Serotonin and norepinephrine reuptake inhibitors (SNRIs) are a class of antidepressants that work by blocking serotonin and norepinephrine reuptake in the synapse (as the name suggests). 🗒️ It is important to educate patients that there is an increased risk of suicidal thinking and behavior in children, adolescents, and young adults during the first few months of therapy and it may take up to 8 weeks before therapeutic effects are recognized.

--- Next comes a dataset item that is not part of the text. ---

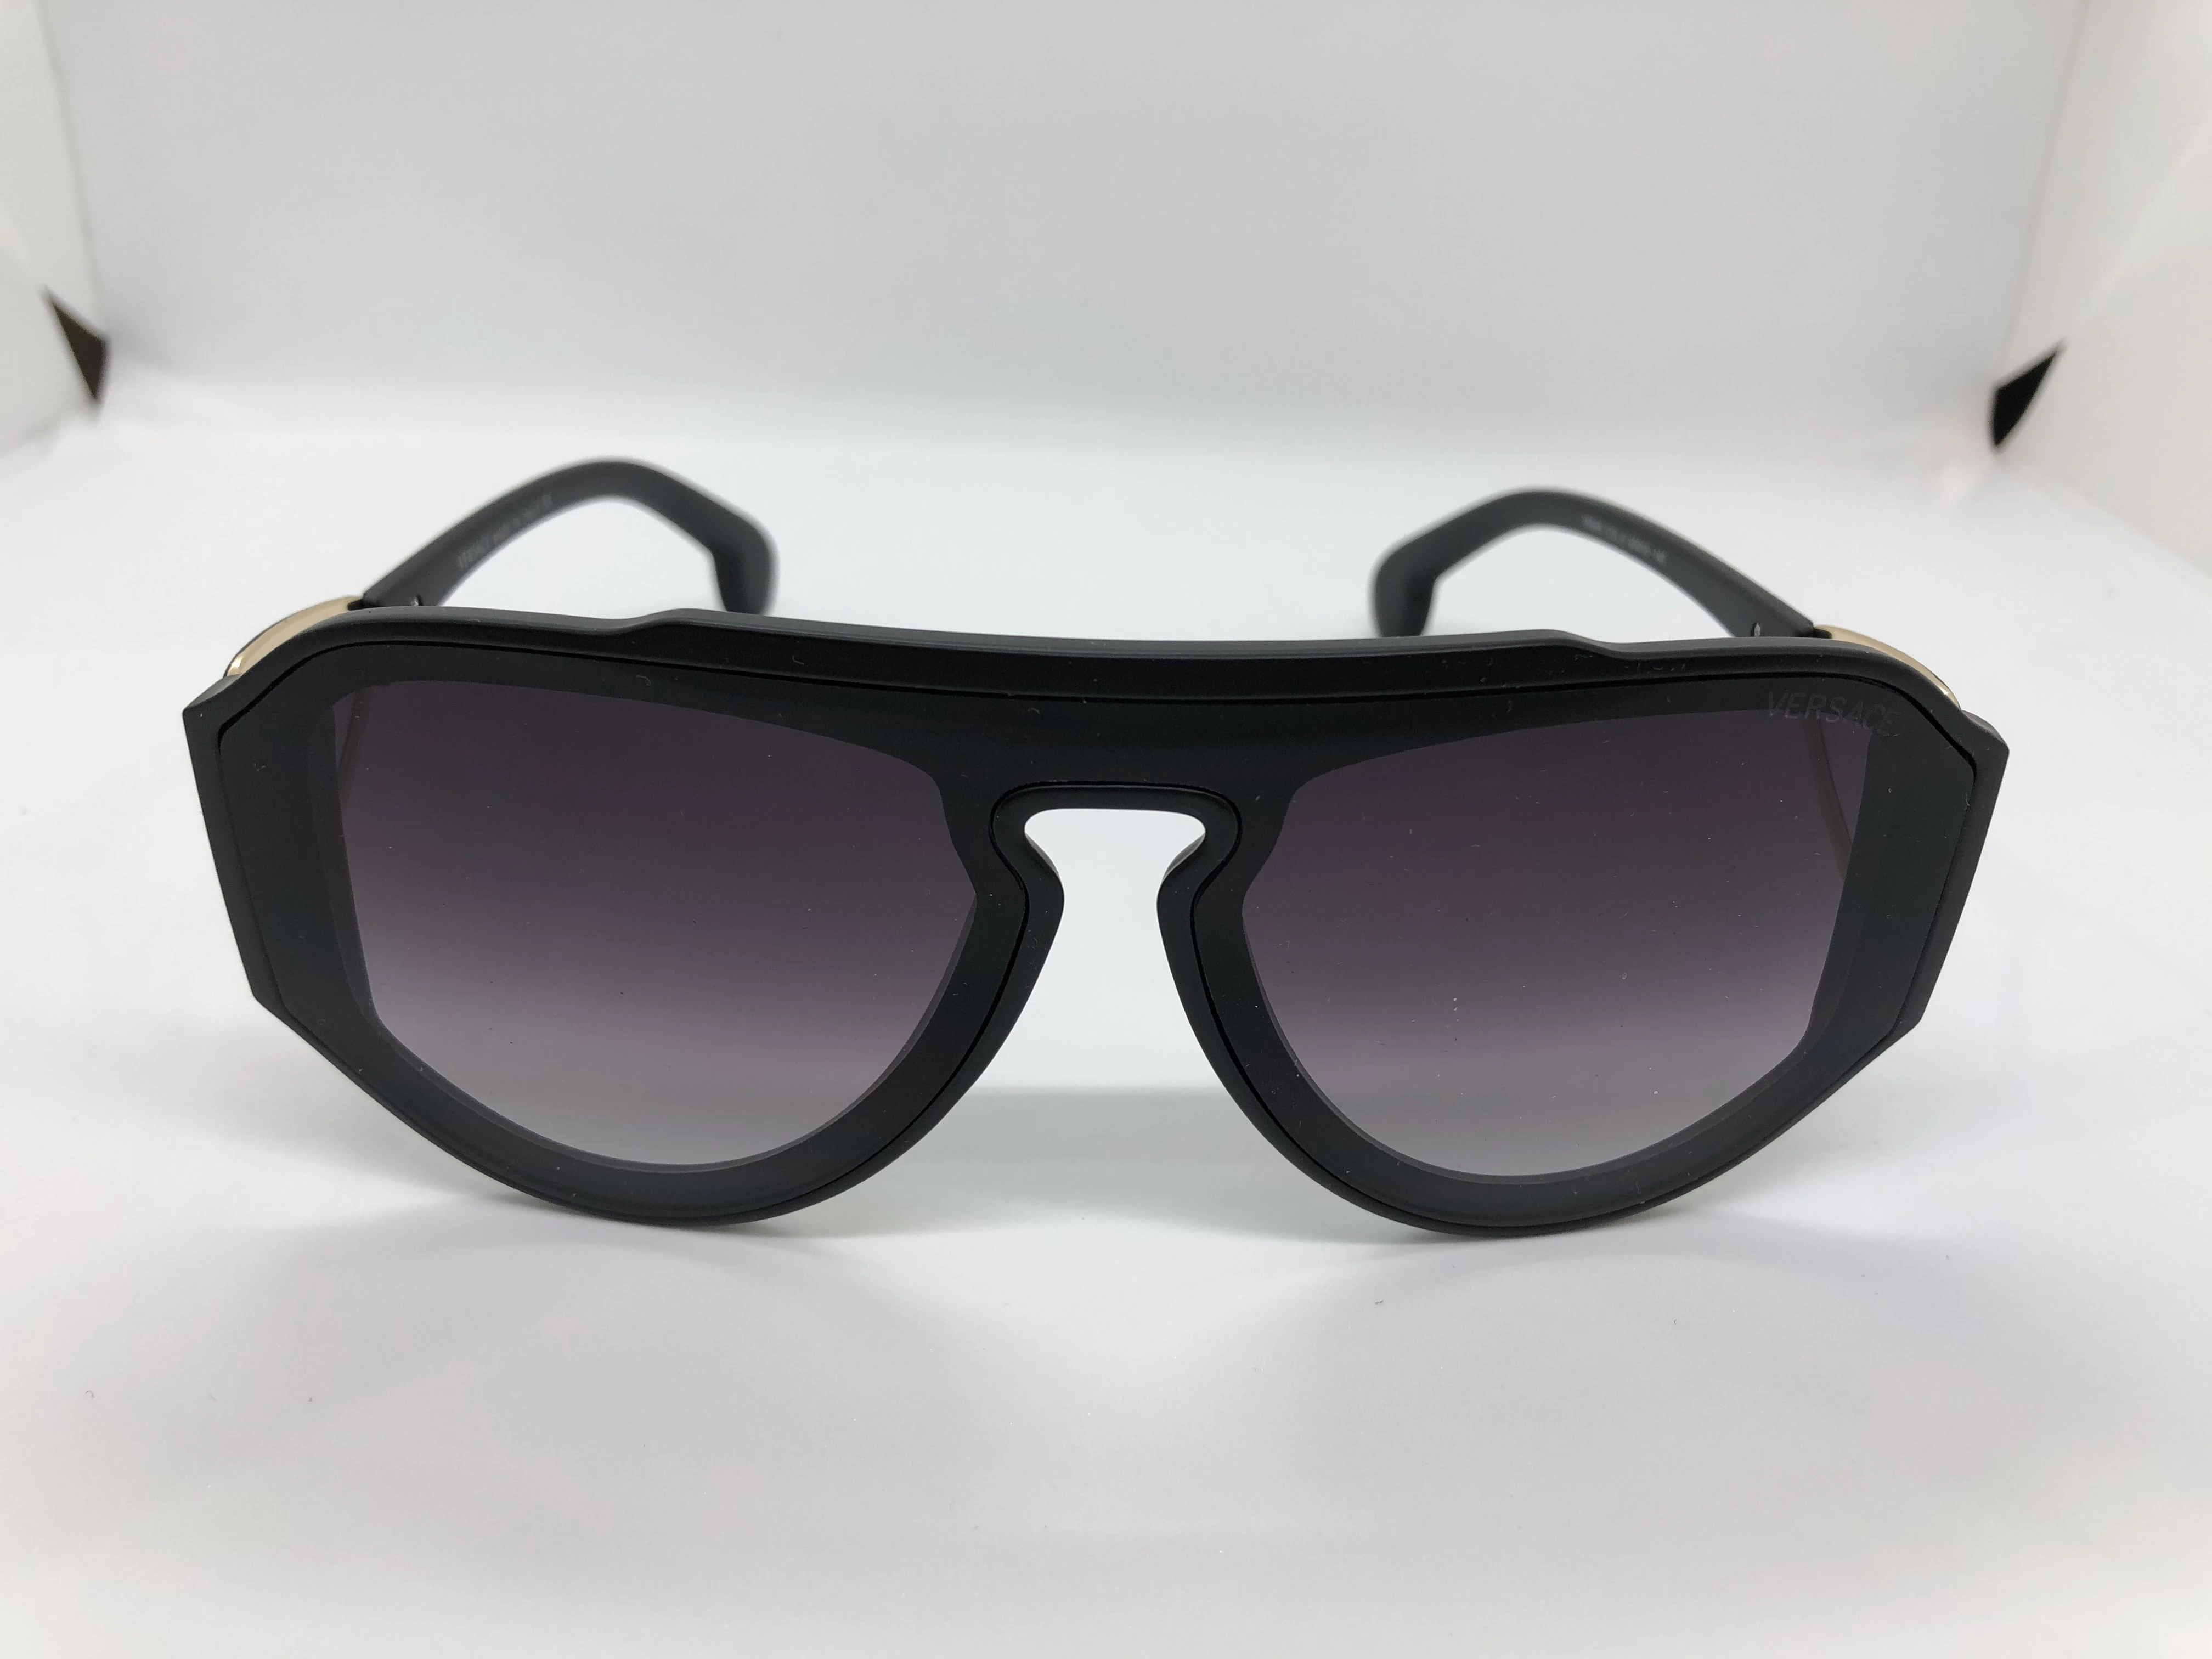 Sunglasses - from Versace - black polycarbonate frame - black gradient lenses - black polycarbonate arm - with a golden logo

💊 Selective serotonin reuptake inhibitors (SSRIs) work by inhibiting 5-HT reuptake by the presynaptic cleft, thus increasing serotonin levels in the synapse. It is commonly used to treat depression, a condition thought to be linked to low levels of serotonin, dopamine, and norepinephrine. ⭐ As you can see, this mnemonic is similar to the mnemonic on the side effects of SNRIs. Since they both block serotonin reuptake, they exhibit very similar side effect profiles except SNRIs can also impact blood pressure (increase or decrease) due to the norepinephrine reuptake inhibition. SSRIs do not affect blood pressure. In addition, SSRIs can cause weight gain in adults on long-term therapy, while SNRIs cause less of this long-term weight gain and are more associated with weight loss.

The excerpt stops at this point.